HEY PEDRO! thanks a million for that site! 
I looked it up a little more and people claim to have sucess with OD on prime, so I am going to try a simple double dose, and spray it directly on the hydra with a syringe and let you know what reaction I get from the ones I hit directly and the ones that just get the plain 'ol double dose. I am afraid to go higher with the shrimp, but we'll see how it goes.. 

Thanks Paula


----------



## Brian A (Sep 3, 2002)

Can we get an update on this? I am curious to see if the Prime worked.


----------



## fishcrazee (Mar 28, 2006)

It's amazing how many different uses seachem's products have! What I know so far is Excel for algae and Prime for hydras? Seachem's line is great, all these double uses help out a lot


----------



## jake (Feb 20, 2004)

Whenever I started to see some small hydra in my shrimp tanks, I just cut back the feeding and did some more water changes. They'd just disappear on their own.


----------



## Naja002 (Oct 12, 2005)

> Whenever I started to see some small hydra in my shrimp tanks, I just cut back the feeding and did some more water changes. They'd just disappear on their own.


What % of water do You change....?

I just discovered a Hydra yesterday, but I had no idea what it was. I removed 2 today.....

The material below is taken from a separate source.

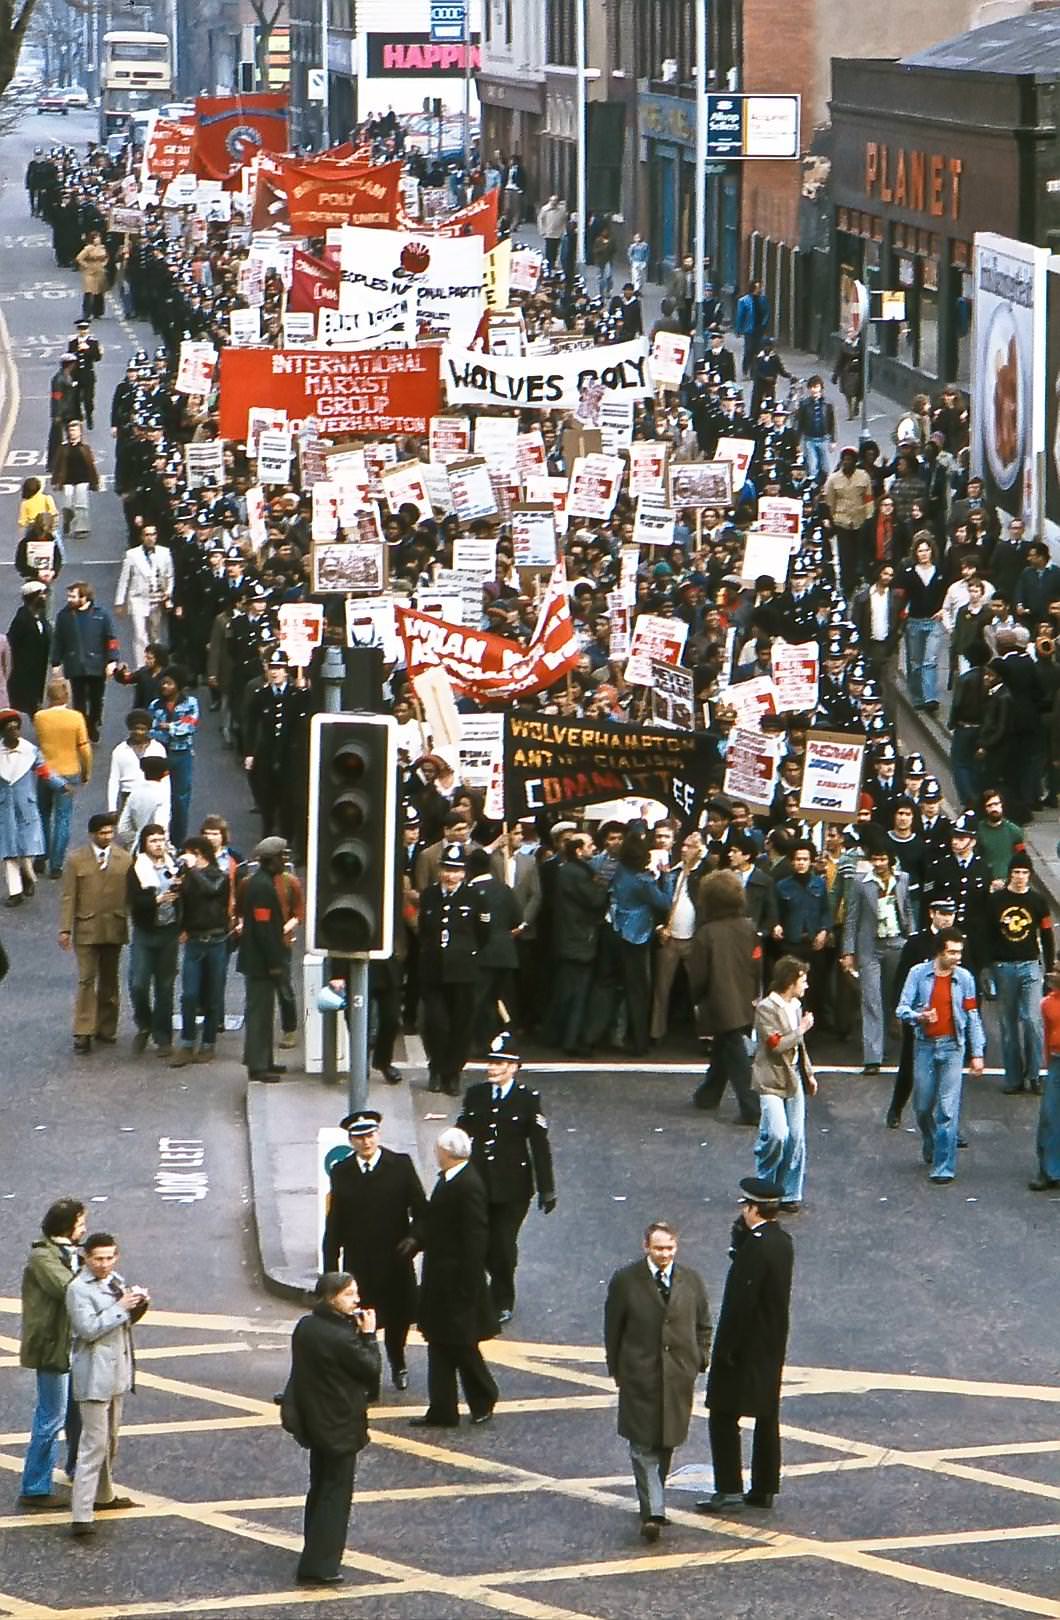 Anti-racist demonstrators assemble in Cleveland Road, Wolverhampton, prior to marching through the town centre. 11th March 1978

Will frequent small water changes work? ~10%?


----------



## jake (Feb 20, 2004)

Instead of 25% weekly, I changed 10% daily for awhile and watched how much I was feeding more closely. I also removed any decaying plant matter or other non-essential "crud" from the tank. The hydra was gone in about 2 weeks.


----------



## Naja002 (Oct 12, 2005)

Cool. Thanx!


----------



## turbosaurus (Nov 19, 2005)

The prime didn't work AT ALL... ZIP, NOTHING I spot treated directly on the hydra with a syringe and NO effect 


I did cut back on feeding microworms and it helped a little. I also noticed in my office tank that many of them just dissapeared on their own, the white ones all appear to be gone, but the smaller green ones are now muntiplying, they seem to cycle like that. The green ones stay much smaller than the white, so I am not so concerned, I don't think they could catch a shrimp, even a baby


----------



## Brian A (Sep 3, 2002)

Well i tired the Hydrogen Peroxide last night and it seemed to work. There were about 7 "spots" int he tank where they seemed to all group together. I would spot treat one spot, wait 30 minutes, then go in after the other spot. They all pulled in their arms and after a few minutes started to float away. I hope their dead and not just moving to a new area.


----------



## turbosaurus (Nov 19, 2005)

Let us know if it works for you.


----------



## AaronT (Apr 11, 2004)

I use the H2O2 method and it works well. I think you will find that they have been eradicated.


----------



## Brian A (Sep 3, 2002)

Yes, it looked like they were all gone when i checked last night. THey might be hiding somewhere, but at least now i know of a weapon to fight them.


----------